From what the breeder can see and experience the dog is going to be of show quality.
the breeder does show and has previously been on crufts. 
i'm getting kc reg as i want to have a go at showing. 
the breeder is charging £450
im thinking that he will grow out of the long haired bit as i want a smooth. 
the breeder has never had a long coat out of the line but she said his hair is long then the previous and the littermates so she thinks he could be long coated. i wouldn't know if the parents carry the long hari genes because i didn't previously know about it.
about the mixed breed, i dont want him to look like he is half smooth and half long. i know no matter what i will love him but i would prefer he was smooth. 
i know there are two types of chihuahua, my ex boyfirend had two, one smooth and one long, so i know a bit about chihuahuas.


----------



## samantha_wants_a_chi (Dec 20, 2005)

forget to add bella is lovely


----------



## Tucker-N-Jasper (Aug 6, 2005)

Jasper has a much fuller puppy coat than Tucker did... Tucker's dad is a Ch. with a very full and long black and white coat. Mom is medium coat more fringy than long.. Tucker at 11mos is thick coat but not very long, lots of fringe. 

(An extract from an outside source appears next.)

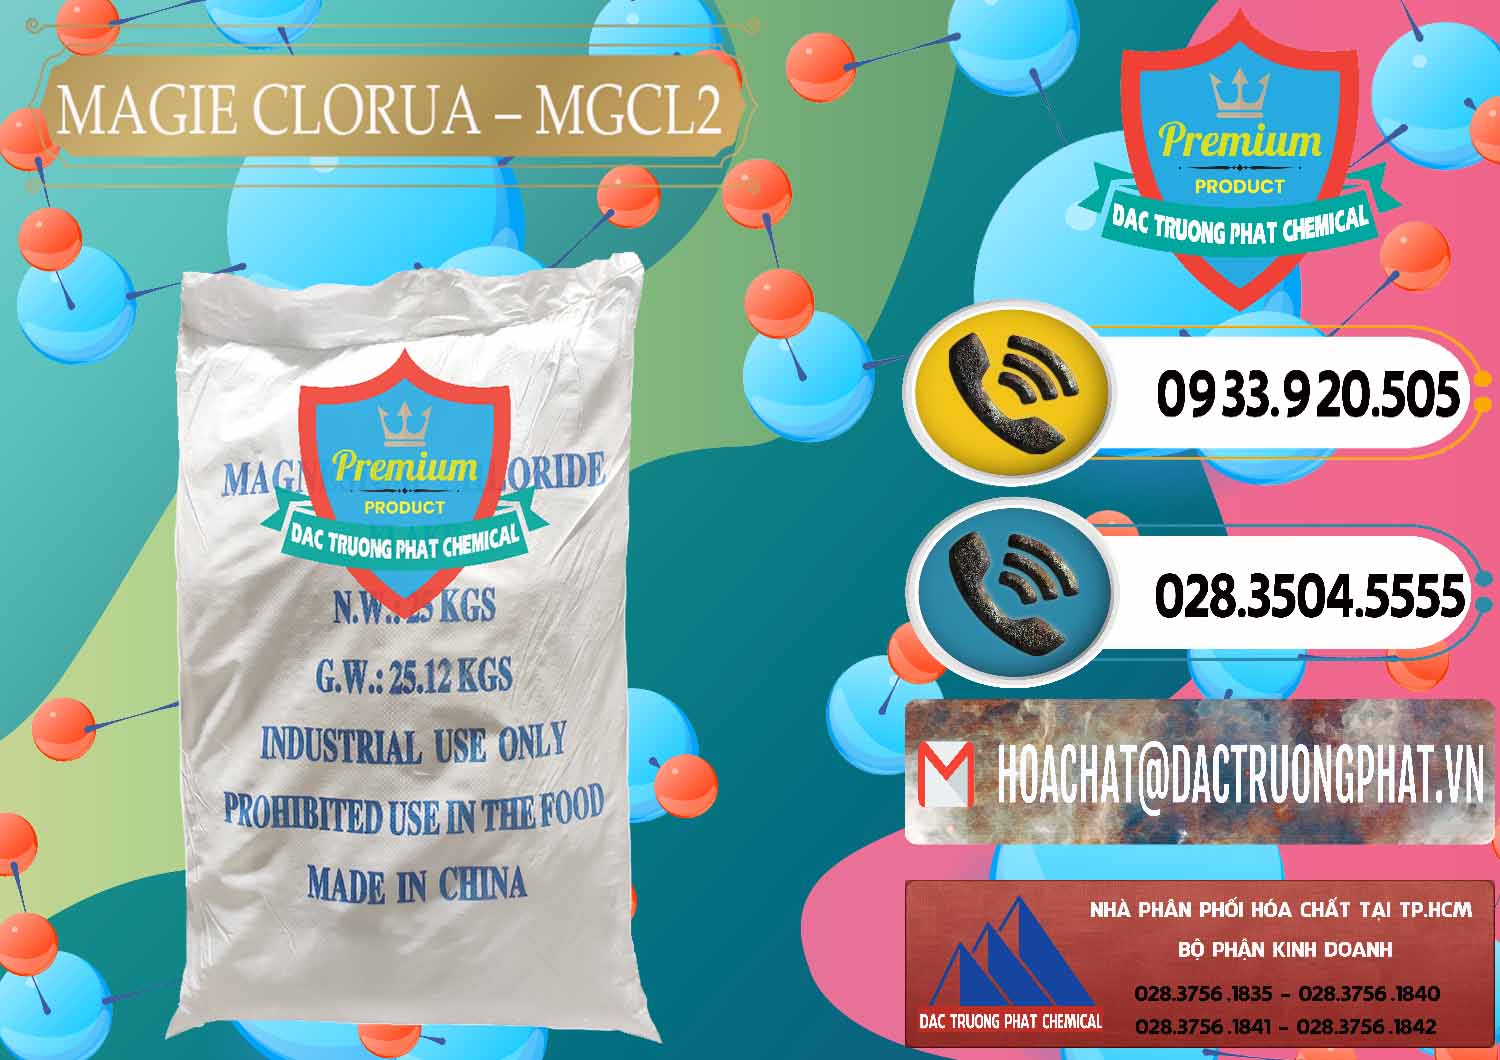 Nơi chuyên bán ( cung ứng ) Magie Clorua – MGCL2 96% Dạng Vảy Trung Quốc China - 0091 - Nơi nhập khẩu _ cung cấp hóa chất tại TP.HCM - hoachatdetnhuom.vn

Jasper on the other hand has parents who are both short coat, all of his littermates were short coat and Jasper is the fluffiest thing I've ever seen. I'm expecting his long coat to be very full (he's as ful and fluffy as a little kitten). He hasn't started to blow his puppy fur yet so we have a long wait to go to find out.. He's 13wks now.


----------



## samantha_wants_a_chi (Dec 20, 2005)

well i just got to wait and see how he comes out, his colouring sounds beautiful


----------



## lalaNlucky (Jan 10, 2006)

but there aren't two types of chihuahuas, there is ONE
& it's called a chihuahua, there are just different breed characteristics a dog could have
pointier noise, rounder face, floppy ears, straight ears, long coat, smooth coat..and what not..just like other breeds.
just don't want you to be confused that there are actually different kinds of chihuahuas, aside from different physical options.


----------



## samantha_wants_a_chi (Dec 20, 2005)

but no one said there was two different types


----------



## ~Jessie~ (Oct 30, 2005)

There are actually 2 types of chihuahua- longcoated and smooth coated.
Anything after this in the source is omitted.